Russia's Ministry of Economic Development has outlined priorities for its energy efficiency policy, Kommersant daily reported on January 18 citing internal memos.

As reported by bne IntelliNews, ESG policy is in focus in Russia as the latter prepares to tackle the EU carbon tax introduction and other "green" challenges. Recent reports suggested several initiatives are being developed at the same time, such as green certificates and a greenhouse gas (GHG) emission reduction strategy

Consolidated energy policy 
Reportedly, the priorities outlined by the Ministry of Economic Development include improving energy efficiency 30% by 2030 (from the 2021 level), further modernising fossil-fuel capacities, boiler houses and heat grids, implementing "white" certificates (energy efficiency certificates, confirming the achieved improvement) and increasing non-budget financing.

The full energy efficiency programme, to accommodate the emissions reduction strategy in Russia, is due to be published by mid-2021.

"In the last 12 months, a lot has been done in terms of climate regulation in Russia," VTB Capital (VTBC) commented on January 19, reminding that various ministries are working to align all the programmes and derive new action plans that will allow Russia to start reducing emissions to satisfy the Paris Climate Agreement targets and to get ready for the EU carbon tax. 

The looming introduction of EU Carbon Border Tax in 2022 is a major issue for Russia to resolve. Most recently, the Central Bank of Russia (CBR) warned that the tax could threaten financial stability, as Russia is the second-largest exporter of CO2-intensive exports to the EU after China, with exporters facing extra costs of $3bn-$4.8bn annually.

Faith of renewables still unclear
In the meantime, in a separate report Kommersant said that the Ministry of Energy has come up with a proposal for the renewables support programme after 2025. 

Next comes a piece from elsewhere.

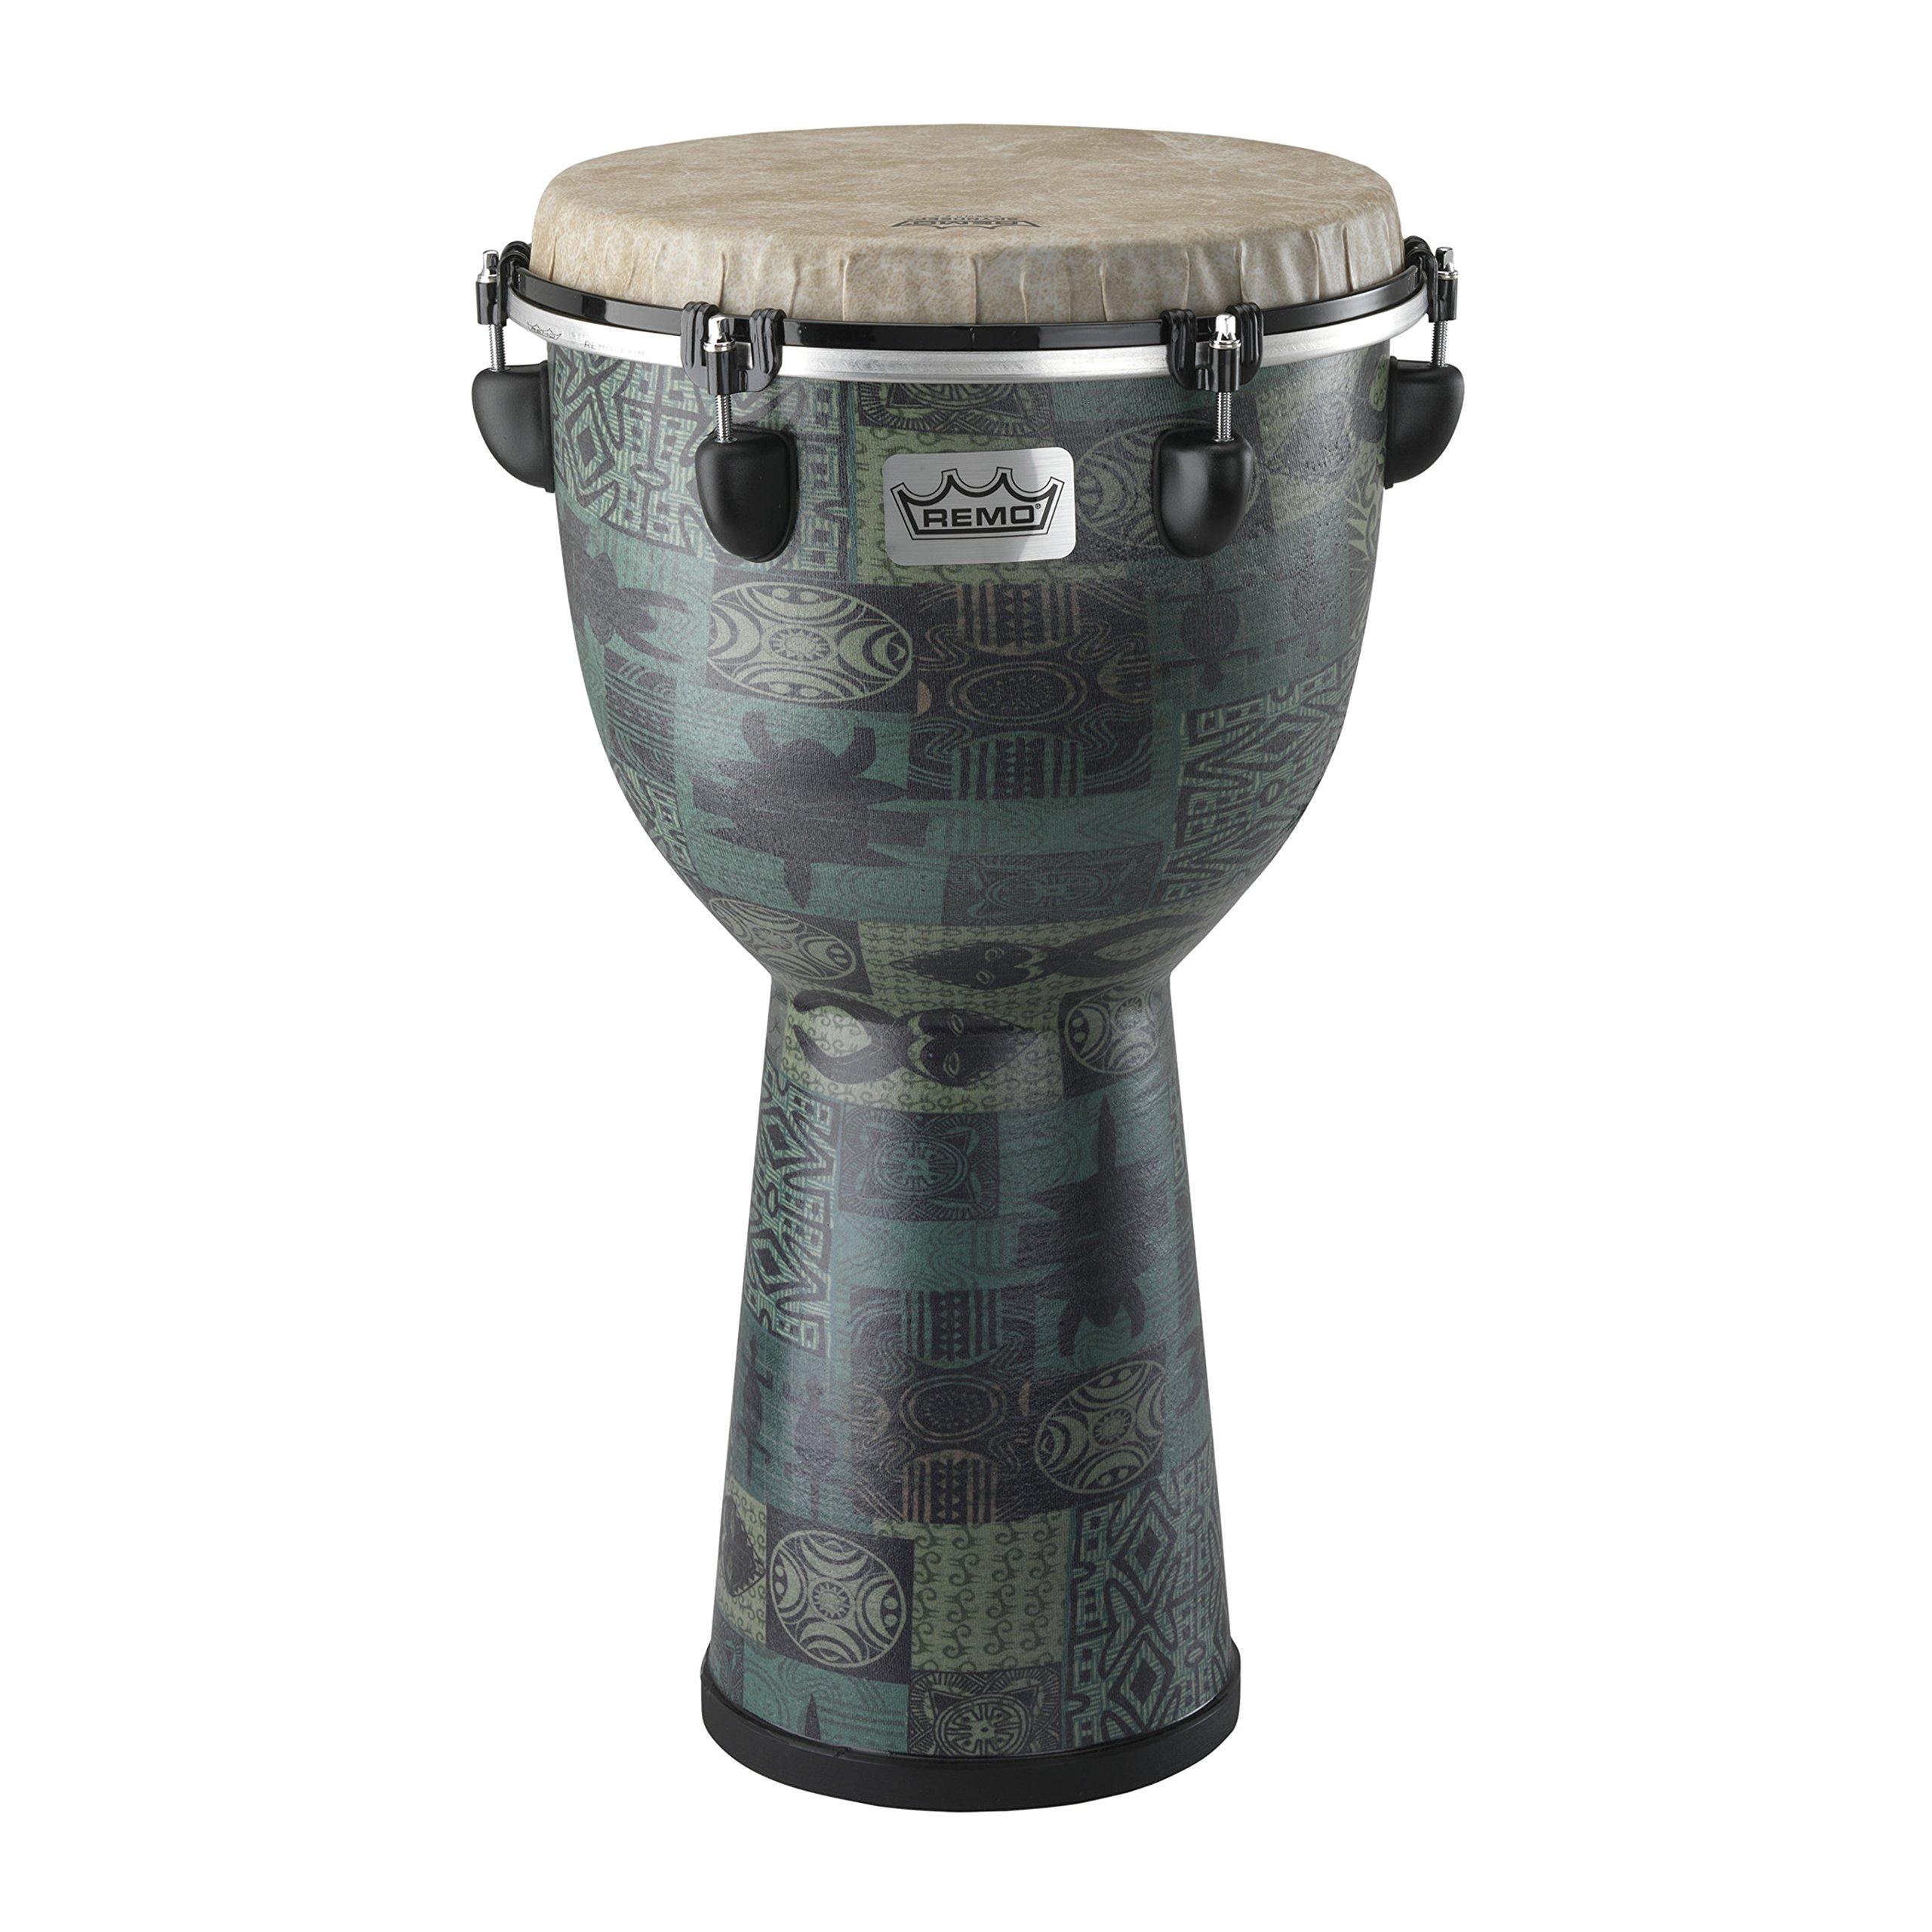 Remo DJ-6112-32 Apex Djembe Drum - Green Kinte, 12''

Reportedly, while previously the Ministry for Economic Development had suggested cutting the programme financing by 50%, the Ministry of Energy had opposed that and now the ministries are said to agree on the possibility of cutting the programme by 30% in 2025-35 to make it possible to keep the growth in end-user electricity prices below inflation. 

"This would suggest RUB306bn [4.17bn] of payments by the market up to 2035, and RUB545bn up to 2050 (in 2021 prices), compared with the RUB437bn and RUB768bn respectively, discussed previously for 6.2GW [of generation capacity]," VTBC commented. 

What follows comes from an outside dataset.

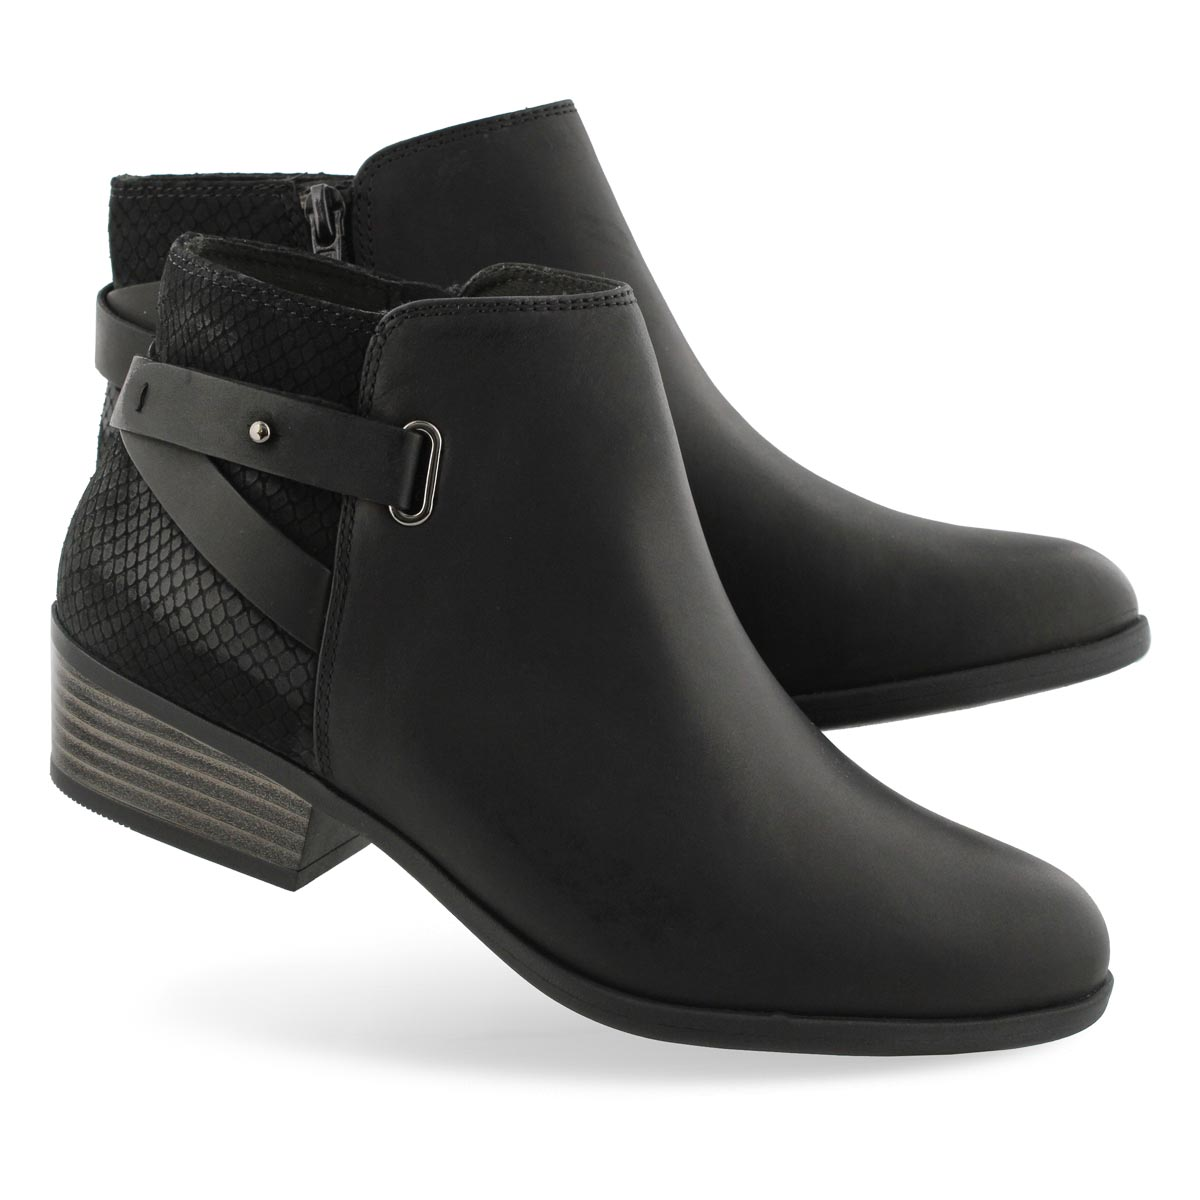 Lds Addiy Gladys black casual bootie

These measures could allow for the construction of 4.6 GW of new renewable capacity (1.8 GW of solar and 2.7 GW of wind). 

The Association of Renewable Energy Development has said that such a decision would not properly contribute to reducing carbon intensity in Russia, while large electricity consumers continue to argue that the programme ought not to be prolonged at all, as the consumers bear the cost of renewable generation through increased tariffs.

"Were the proposal to be adopted, that would not make it possible to boost the development of renewables in Russia," VTBC analysts believe.

"At the same time, this does not come as a surprise, with the discussions looking to balance the interests of investors into renewables and electricity consumers, with multiple add-ons in the market and the unfavourable COVID-19 effect on the economy," they note. 

More generally, even a larger-scale state support programme "would not have allowed for a dramatic breakthrough in terms of the country’s carbon intensity," VTBC analysts argue, suggesting that the most efficient path in improving Russia’s carbon intensity would be decommissioning coal-fired capacities and modernising fossil-fuel capacities.